From a purely financial perspective, the last twelve months have been turbulent months. Our representatives in Washington have no doubt been busy trying to get us all back on the right course. Recent economic data suggests that we have turned the corner; however, this is not to say that our leaders have consistently made the right decisions. The stimulus money provided by the government, for example, is a farce to smaller companies- especially those doing less than $5 Million a year in revenues. It seems that the larger the company wanting to borrow capital, the easier it is for them to make use of cheap money!  This is an inequity to the small independent operator who basically can’t borrow at any rate to sustain or grow their agency. It reminds me of “Reaganomics” and its trickle down deployment again, only worse! Through it all, the healthcare services industry has remained fairly isolated from meltdowns in the larger economy. I, for one, am glad to be part of an industry that forges people’s passions in exchange for an equitable profit.

Healthcare Reform in Washington

After attempting to read the 2,000 page healthcare bill, I came away with the following observations. First, it doesn’t prescribe anything material as it relates to reimbursement. It did, however, devote 300 pages to providing healthcare to our Native Americans, whose casinos apparently don’t provide healthcare coverage to employees. It never uses the word “Doctor” and only talks in the vernacular “shall”. Despite its problems, I suspect that some modified iteration will eventually pass!

Directly or indirectly, our 40 Million uninsured Americans will soon be eligible for healthcare insurance, which will benefit all providers of medical services. The government will use State Medicaid programs as their overseer and delivery system to those who qualify. Yes, there are more efficient methods of implementation, but it seems that our Congress has only self serving agendas and no business acumen. Either way we still win!

The Vital Signs of the Healthcare Industry Continue to Show Encouraging Results Despite Predictions of Calamity

The M&A market for 2009 has been robust and I expect this trend to continue on through all of 2010. The behemoths of healthcare companies continue to strategically acquire businesses with sustainable revenues, growth and profits. Further, they continue to pay a premium for their acquisitions using 4 to 6 times EBITDA as their formula, which is inline with what their stocks are currently selling for as publicly traded companies. I believe that publicly traded healthcare companies are currently trading at a significant discount due to uncertainties about what congress will or won’t do. When the healthcare industry stabilizes, I expect that healthcare stock prices will potentially double in the next 12 to18 months.

While Valuations of Healthcare Service Companies are Holding Up, Prices Continue to Vary According to Segment

Homecare: Medicare providers continue to be the most sought after companies for acquisition followed by private pay operators (excluding Medicaid as the payor source). Medicare companies usually command 5X EBITDA if they are profitable and have organic growth. When a Medicare home health company has sufficient critical mass (over $25 million in revenues), or is located in a CON state, it can demand a 6X multiplier. Medicaid continues to be very consistent at attracting buyers at a 4X multiplier. Geography is the main driver for Medicaid agencies with California being the least desirable and Kansas being the most desirable state to buy Medicaid agencies in.
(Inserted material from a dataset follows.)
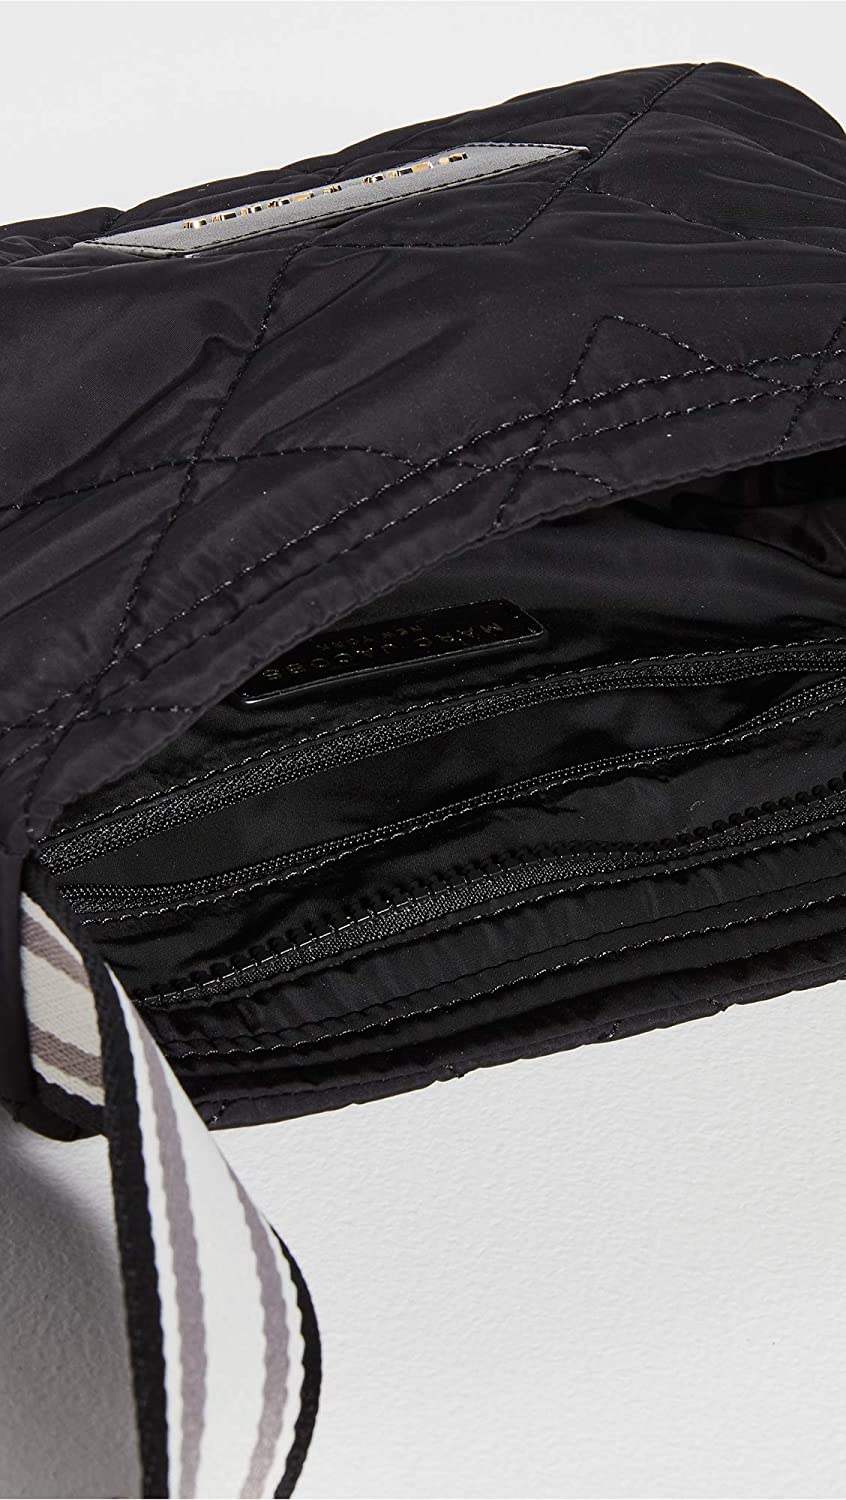 Marc Jacobs Women's Messenger Bag, Black, One Size

DME: DME is looking for a lifesaver to cure its uncertainties. Competitive bidding is again getting some discourse in Washington, creating unnecessary unrest in the industry. My feeling is that competitive bidding is illegal because it is a form of price fixing and a direct violation of the Sherman Anti Trust Laws as well as being “unhealthy” for the industry as a whole. The “big-boys” don’t want competitive bidding because it would materially affect their bottom line by winning contracts that have previously paid  more in fees and possibly decrease the market share they are already enjoying. Additionally, it diminishes the quality of goods and services they would provide, which should not be the objective of our government.

Staffing: The staffing industry seems to have been hit the hardest for reasons that don’t make any sense to me. This sector of the healthcare industry should have grown rather than contracted.  It will have its own resurgence in 2010 and improve itself even though gross profit margins will continue to stay between 18 and 22 percent with very few exceptions.

Conclusion

Although we do participate in other modalities such as diagnostics, which is going through its own renaissance, our world consists mainly of home care agencies, including physical therapy and social services. Our M&A volume is up 50% over last year’s figures with the completion of 70 closed transactions in 2009 versus 50 closed deals in 2008. We expect business in 2010 to be even better than 2009 and we are gearing up accordingly by expanding our reach, hiring more people and increasing our presence in the market.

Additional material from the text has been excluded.